**Recorded data:**
----

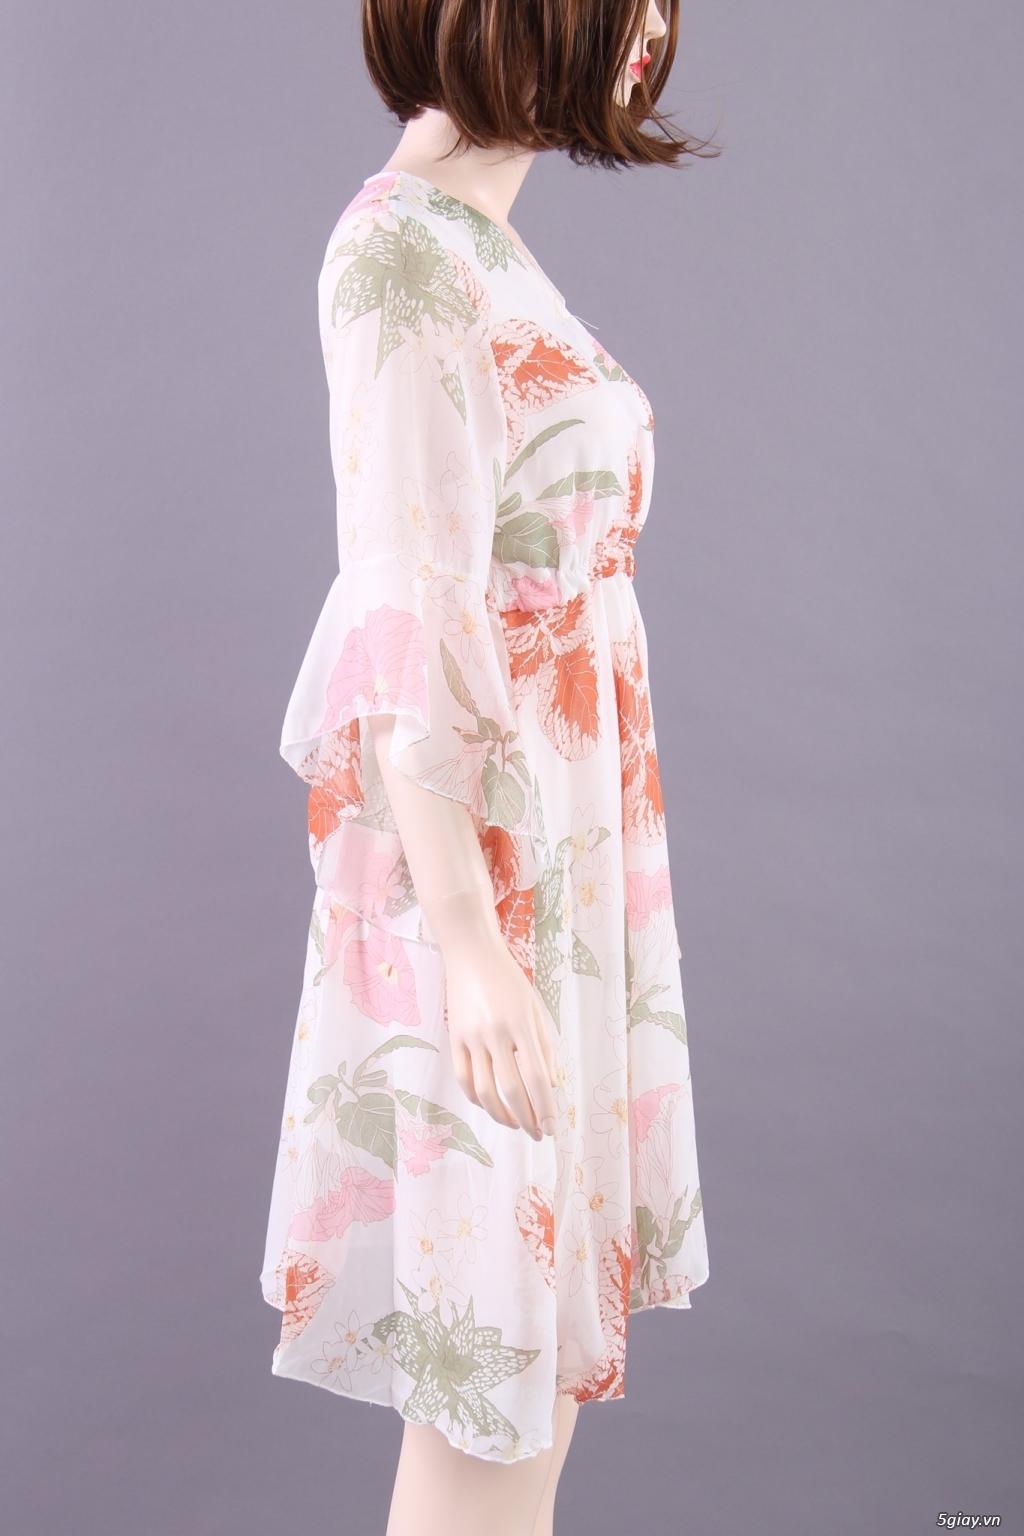 Wal House Fashion - Thương Hiệu Việt - Kiểu dáng đa dạng - 45
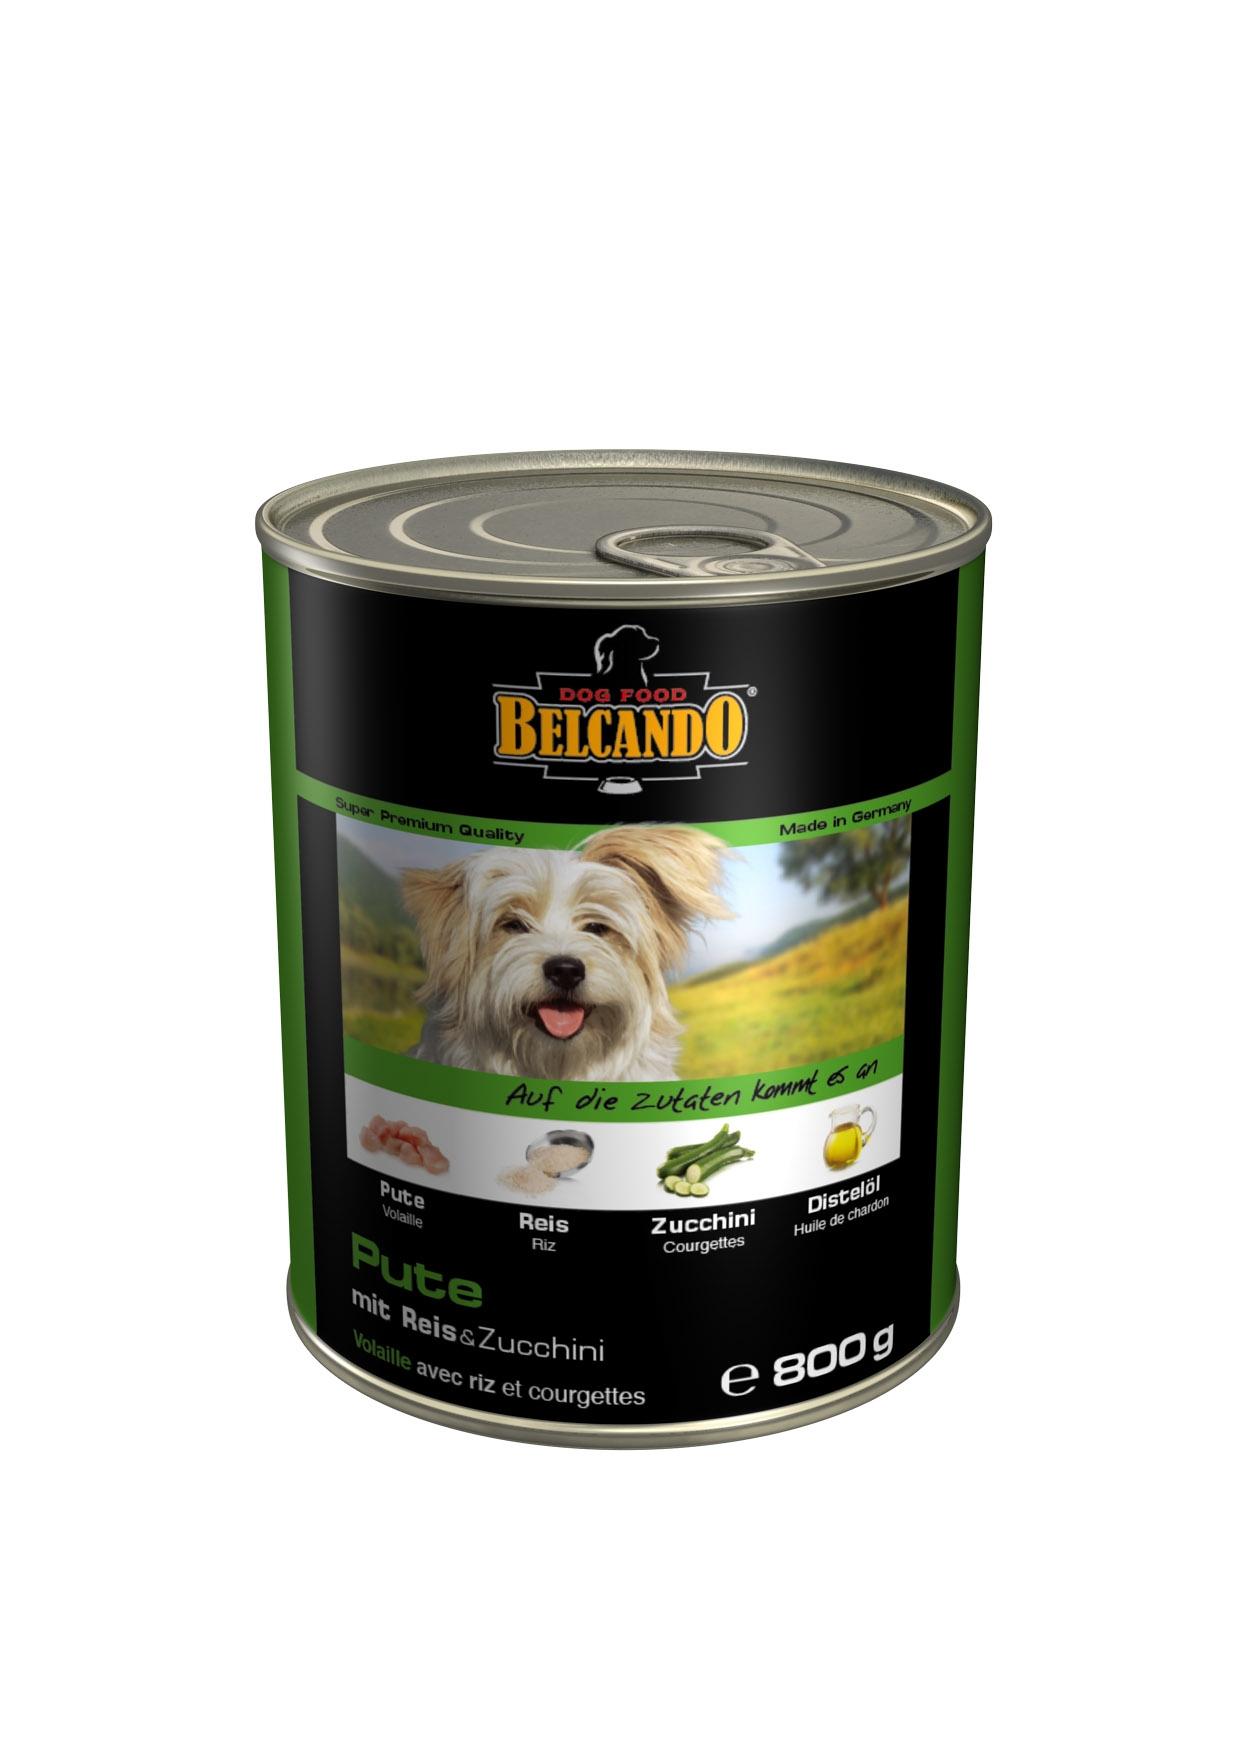 Консервы для собак Belcando, с мясом и овощами, 800 г0120710Консервы Belcando - это полнорационное влажное питание для собак. Подходят для собак всех возрастов. Комбинируется с любым типом корма, в том числе с натуральной пищей. Состав: мясо 93,8%, овощи 5%, витамины и минералы 1,2%. Анализ состава: протеин 14 %, жир 5 %, клетчатка 0,3 %, зола 2,5 %, влажность 79 %, витамин А 2,500 МЕ/кг, витамин Е 40 мг/кг, витамин D3 250 МЕ/кг, кальций 0,4 %, фосфор 0,16 %.Вес: 800 г.Товар сертифицирован.
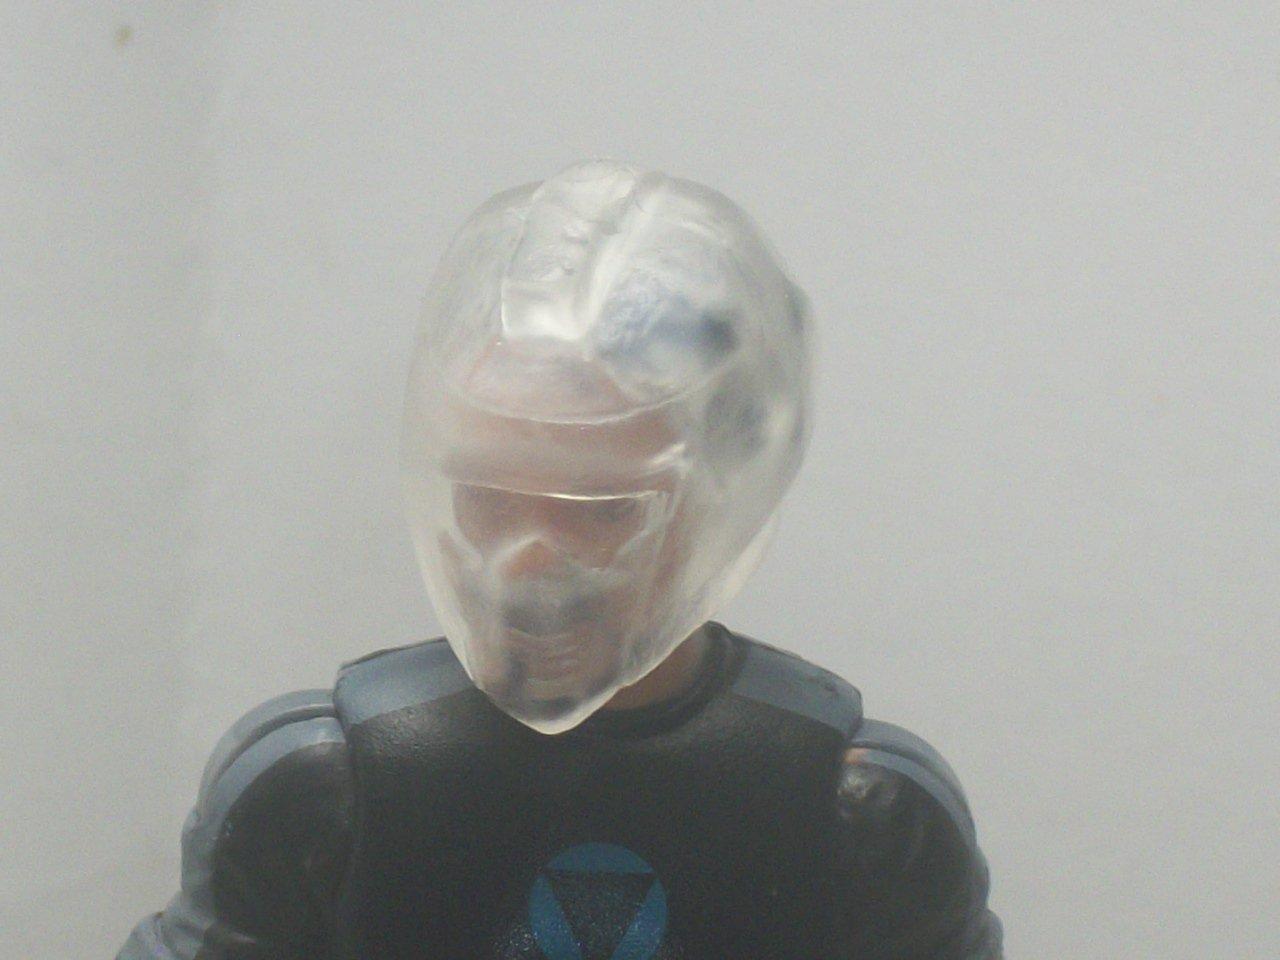 Resurgence helmet

----

**Task directions:**
Output each line above exactly as it stands, omitting the pictures.

**Answer section:**
 Wal House Fashion - Thương Hiệu Việt - Kiểu dáng đa dạng - 45
 Консервы для собак Belcando, с мясом и овощами, 800 г0120710Консервы Belcando - это полнорационное влажное питание для собак. Подходят для собак всех возрастов. Комбинируется с любым типом корма, в том числе с натуральной пищей. Состав: мясо 93,8%, овощи 5%, витамины и минералы 1,2%. Анализ состава: протеин 14 %, жир 5 %, клетчатка 0,3 %, зола 2,5 %, влажность 79 %, витамин А 2,500 МЕ/кг, витамин Е 40 мг/кг, витамин D3 250 МЕ/кг, кальций 0,4 %, фосфор 0,16 %.Вес: 800 г.Товар сертифицирован.
 Resurgence helmet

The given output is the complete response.